/---

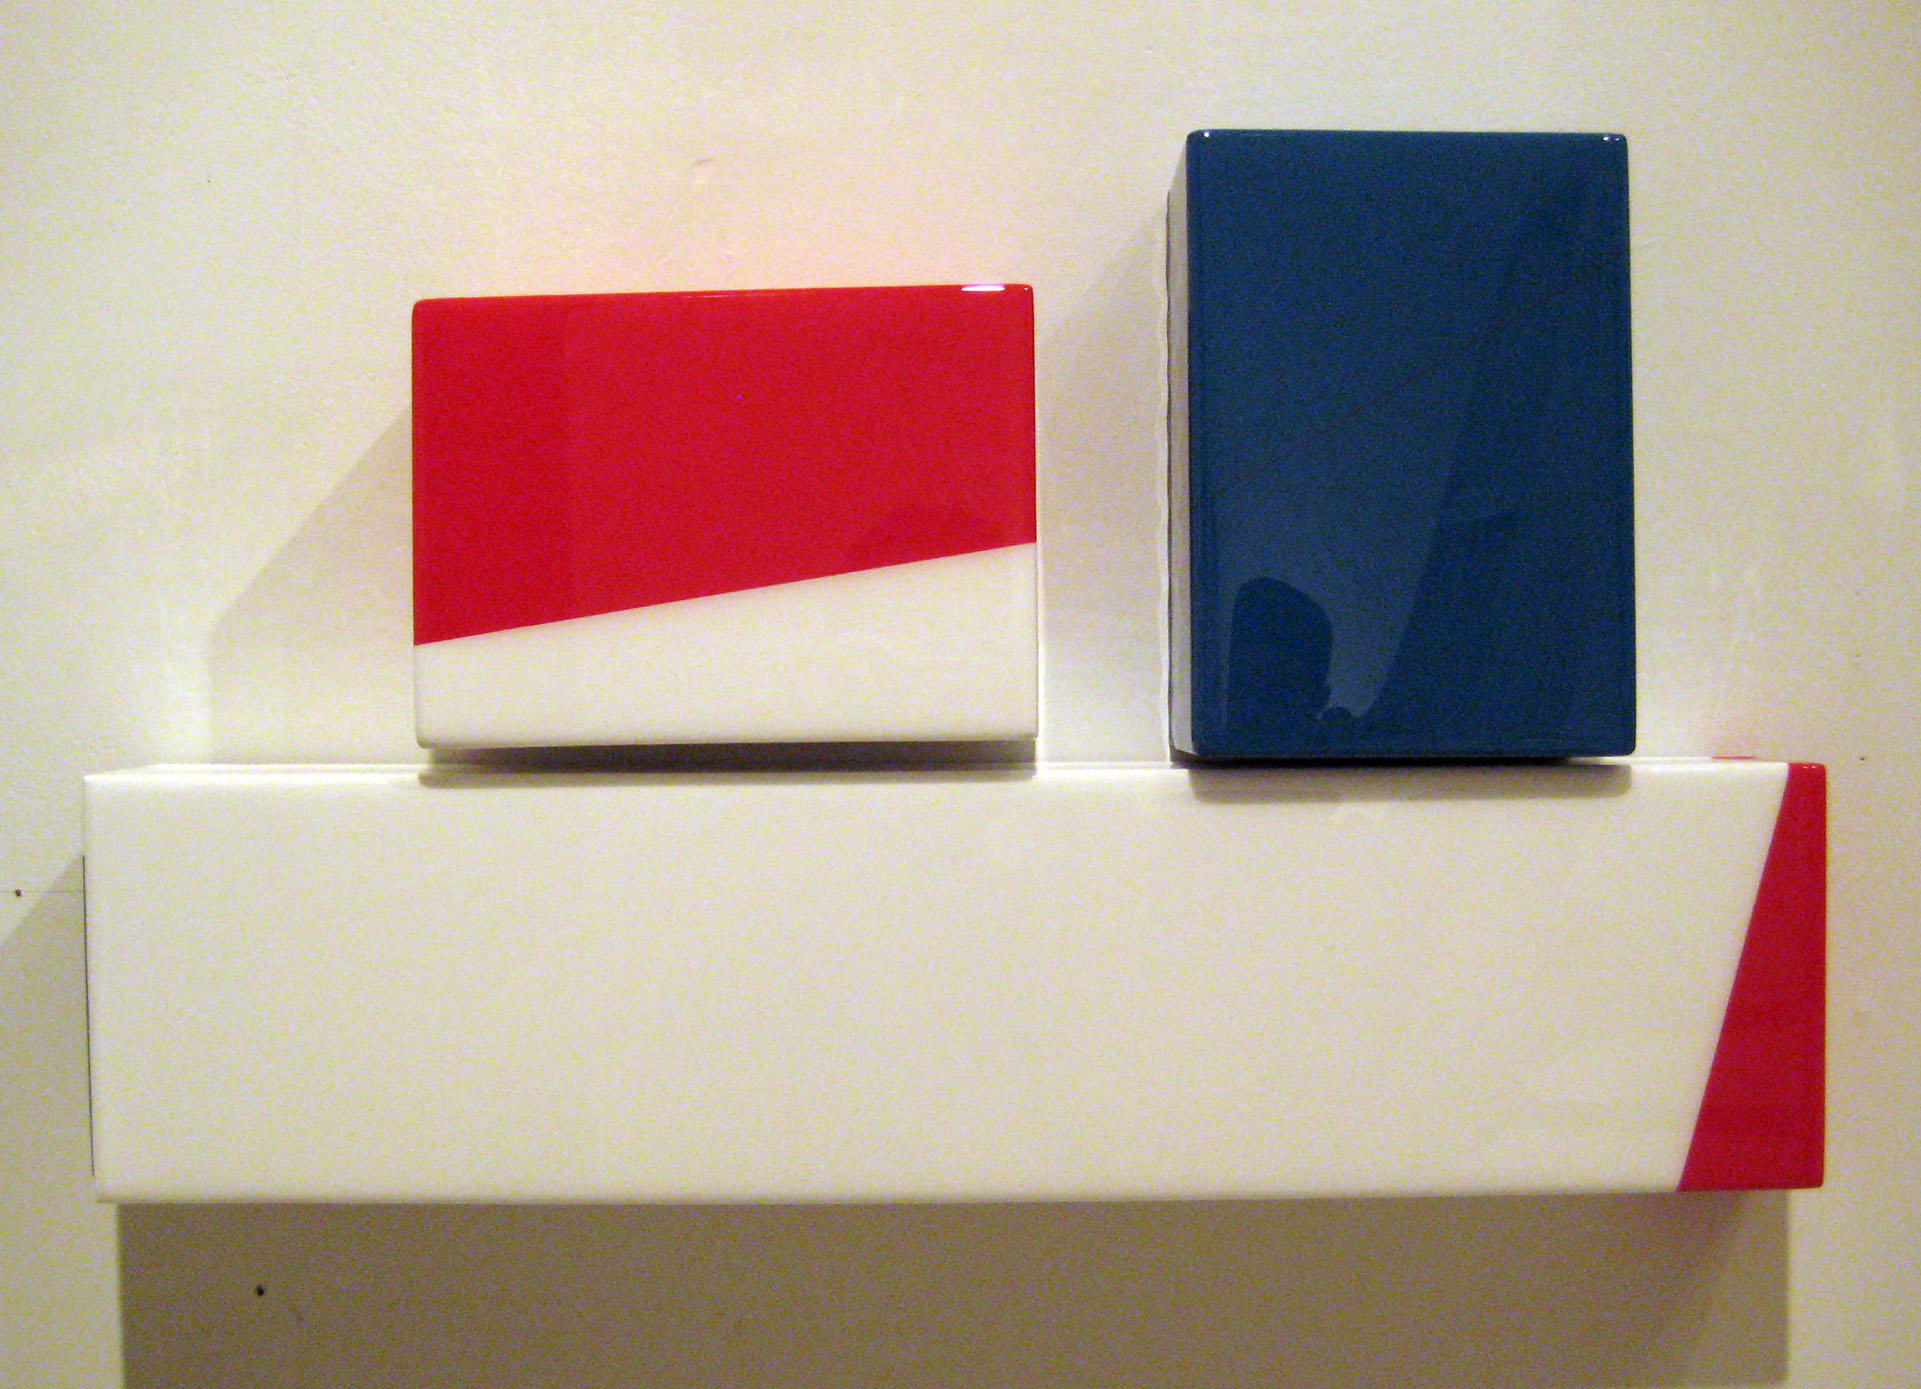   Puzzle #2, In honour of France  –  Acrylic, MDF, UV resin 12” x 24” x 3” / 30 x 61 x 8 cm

\---
/---

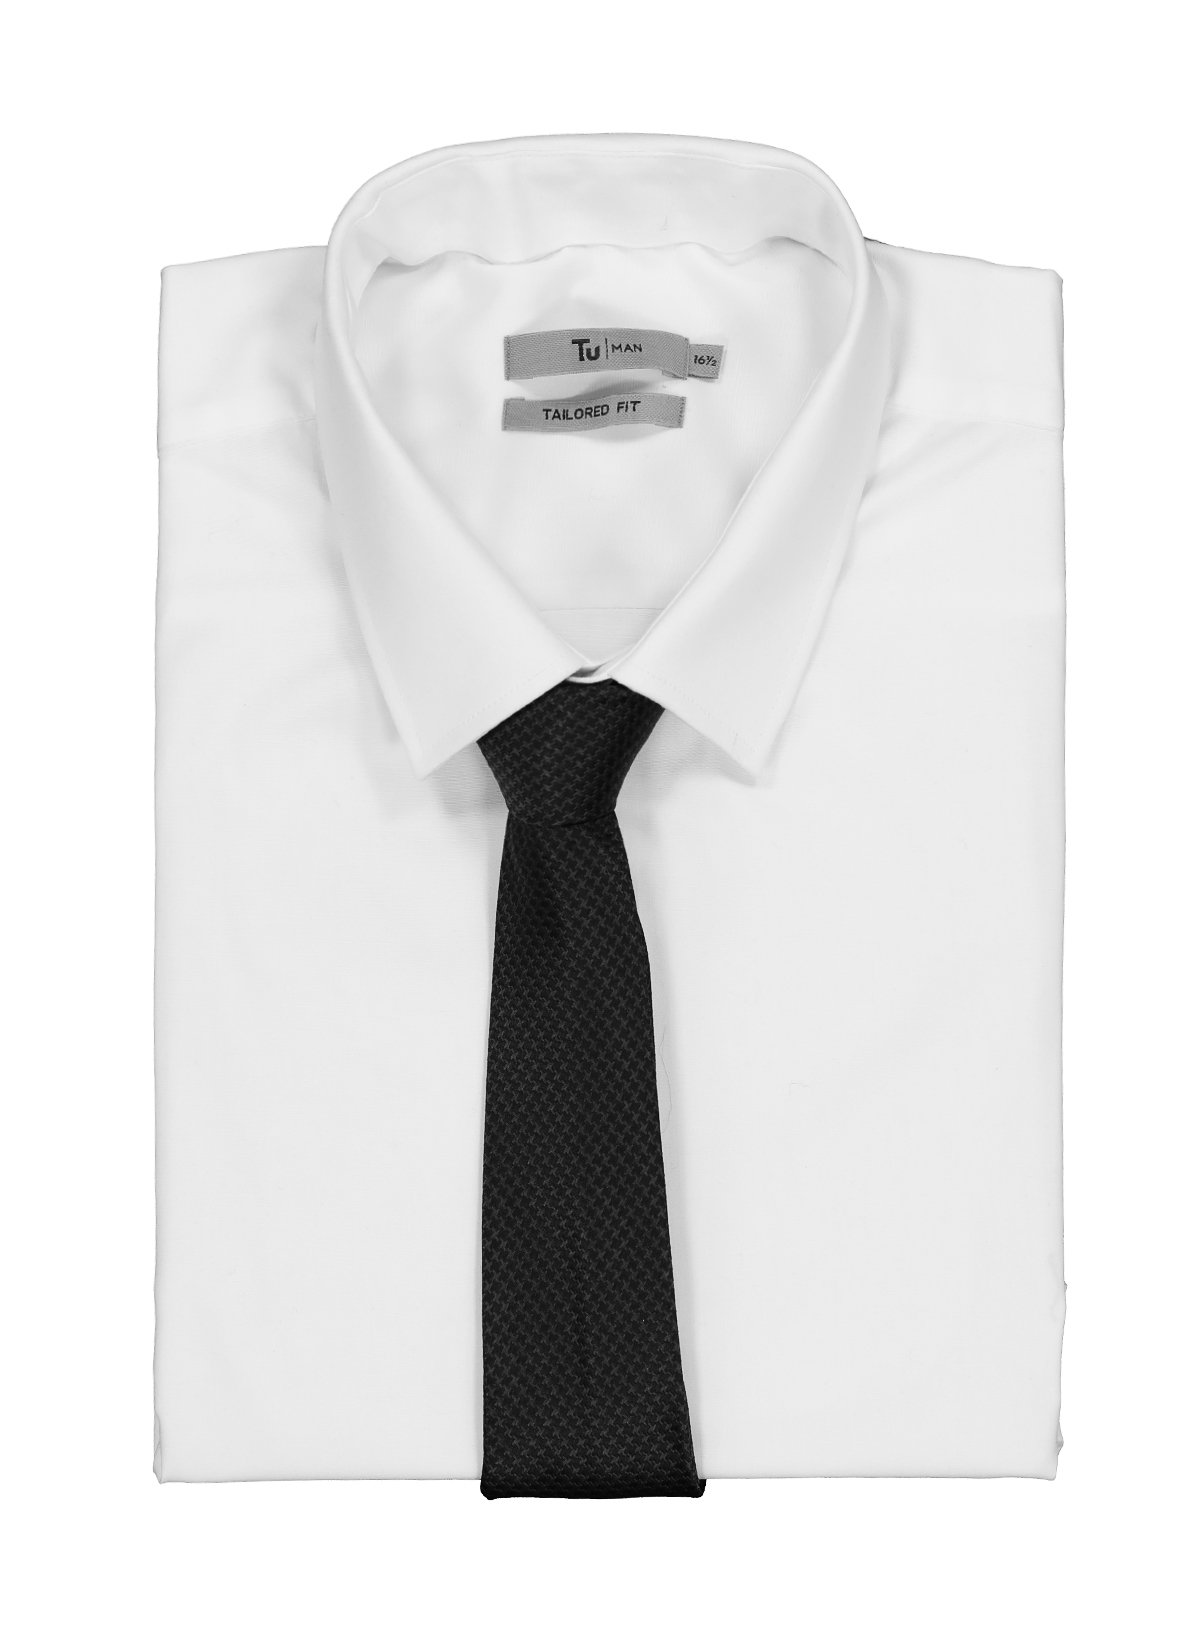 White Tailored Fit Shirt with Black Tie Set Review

\---
/---

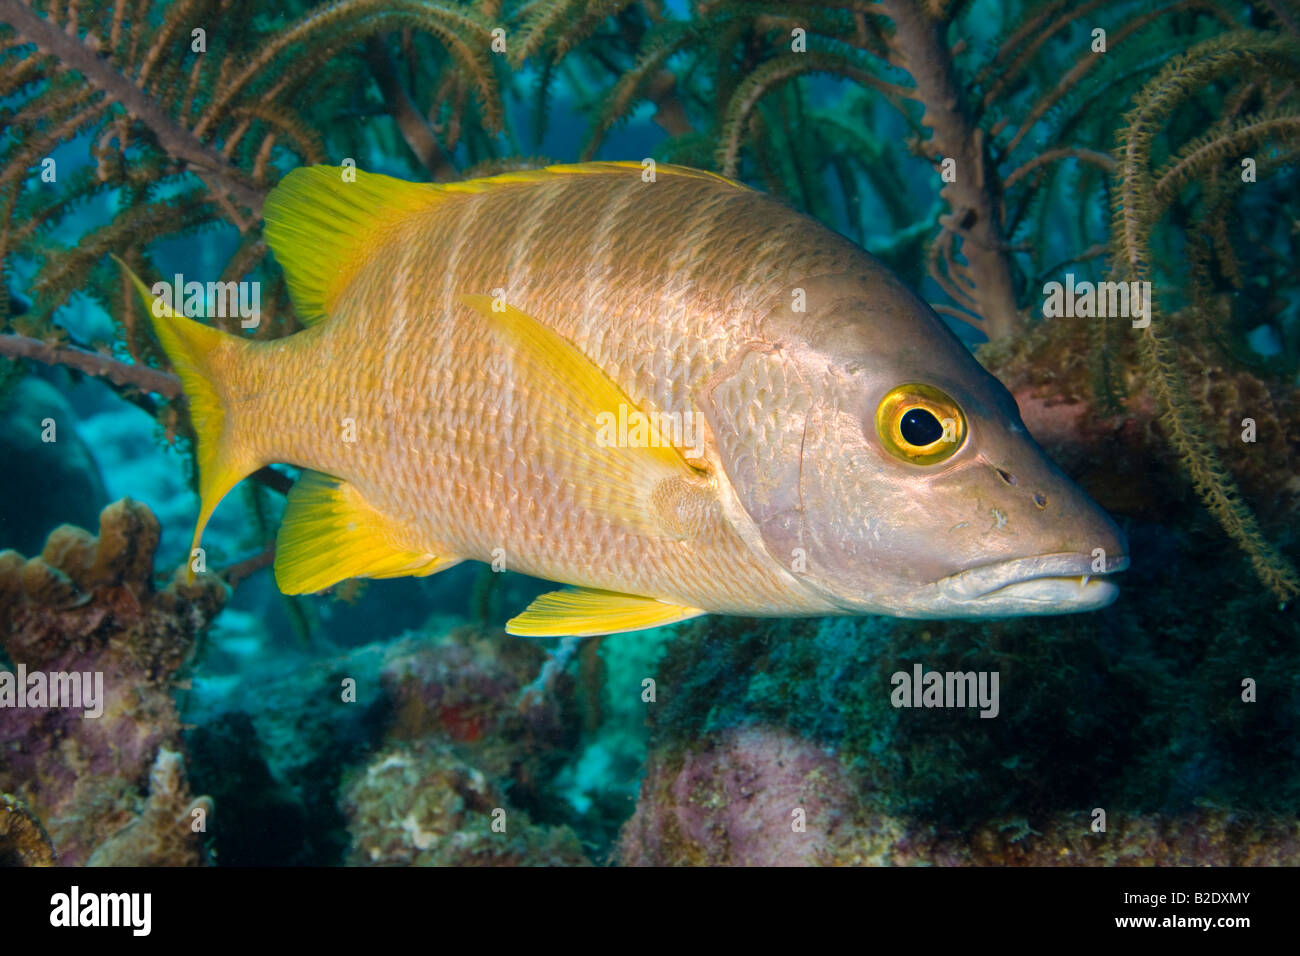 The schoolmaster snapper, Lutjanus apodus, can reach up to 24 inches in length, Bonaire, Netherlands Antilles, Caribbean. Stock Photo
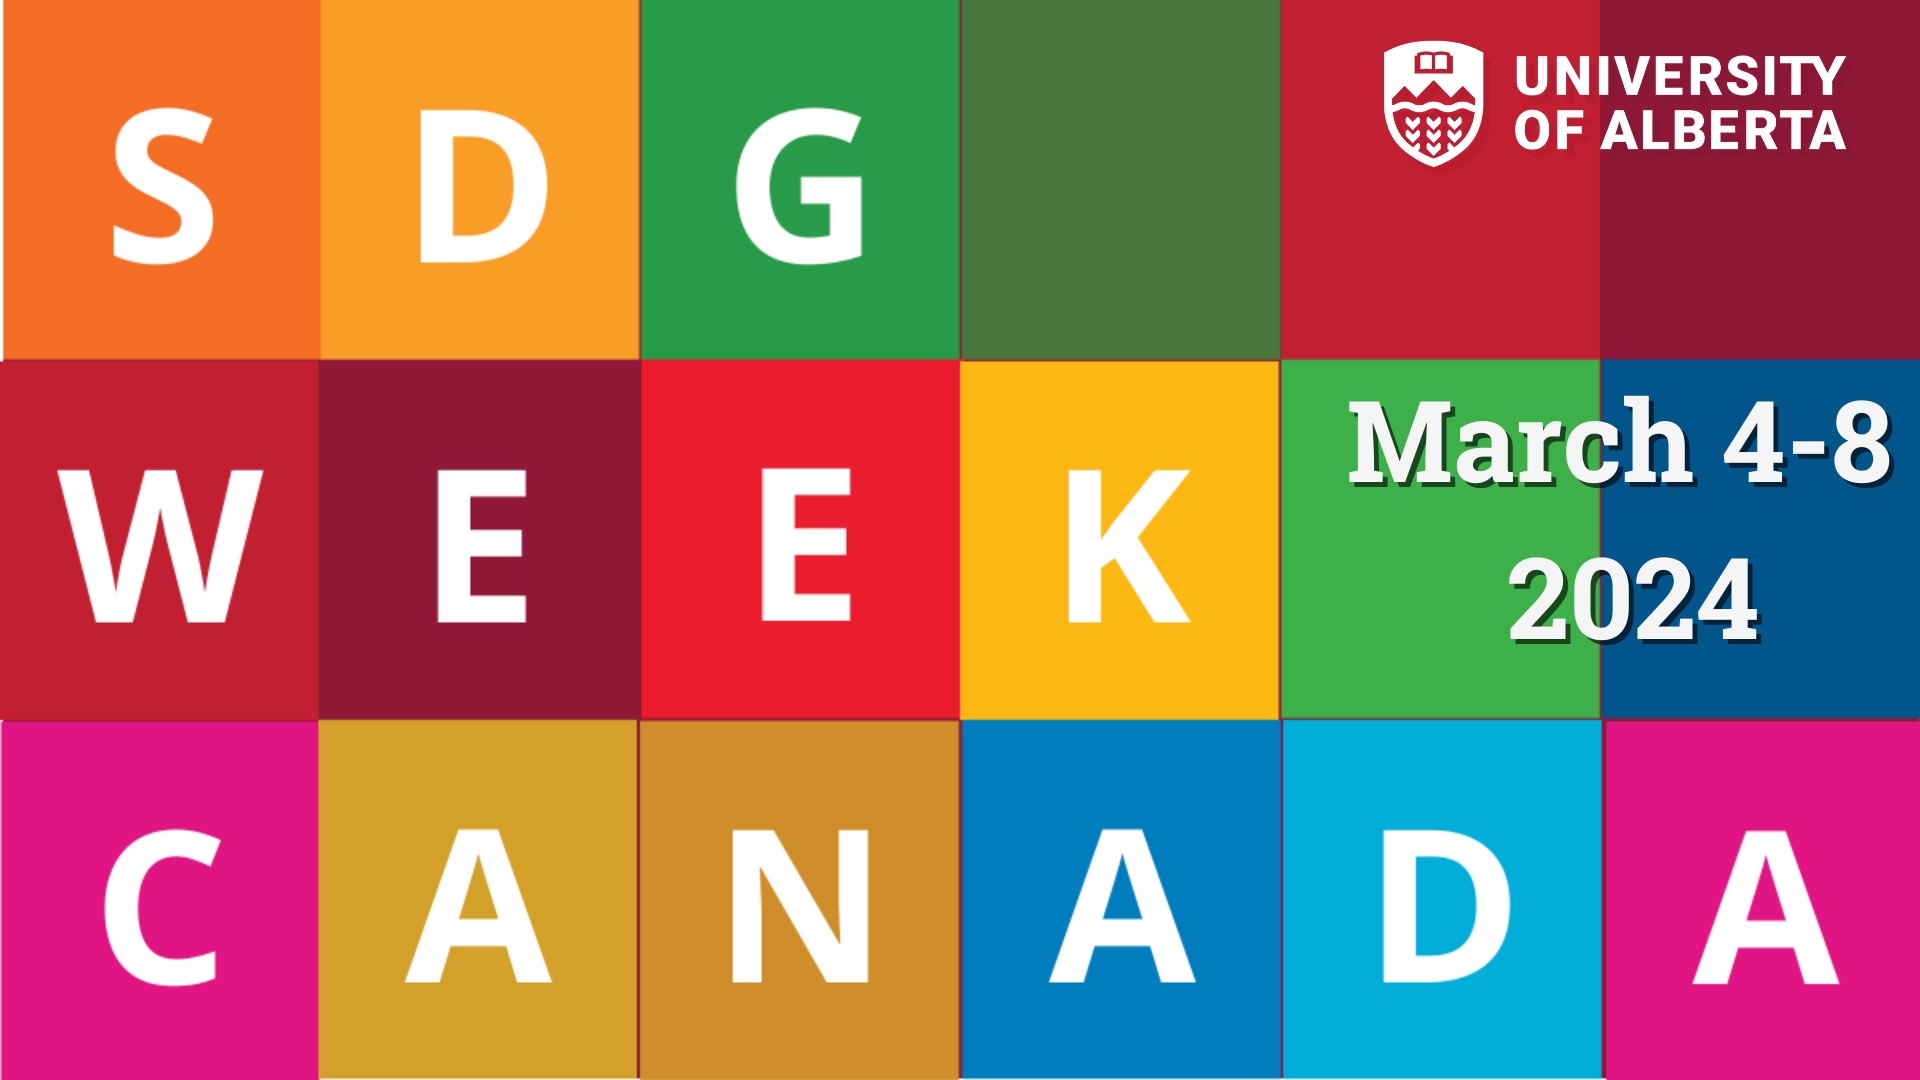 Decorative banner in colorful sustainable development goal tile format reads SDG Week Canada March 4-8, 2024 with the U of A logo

\---

From the material above, give again exactly the lines from the one that contains "The schoolmaster snapper, Lutjanus" through the one that contains "Decorative banner in", and leave out the pictures.

 The schoolmaster snapper, Lutjanus apodus, can reach up to 24 inches in length, Bonaire, Netherlands Antilles, Caribbean. Stock Photo
 Decorative banner in colorful sustainable development goal tile format reads SDG Week Canada March 4-8, 2024 with the U of A logo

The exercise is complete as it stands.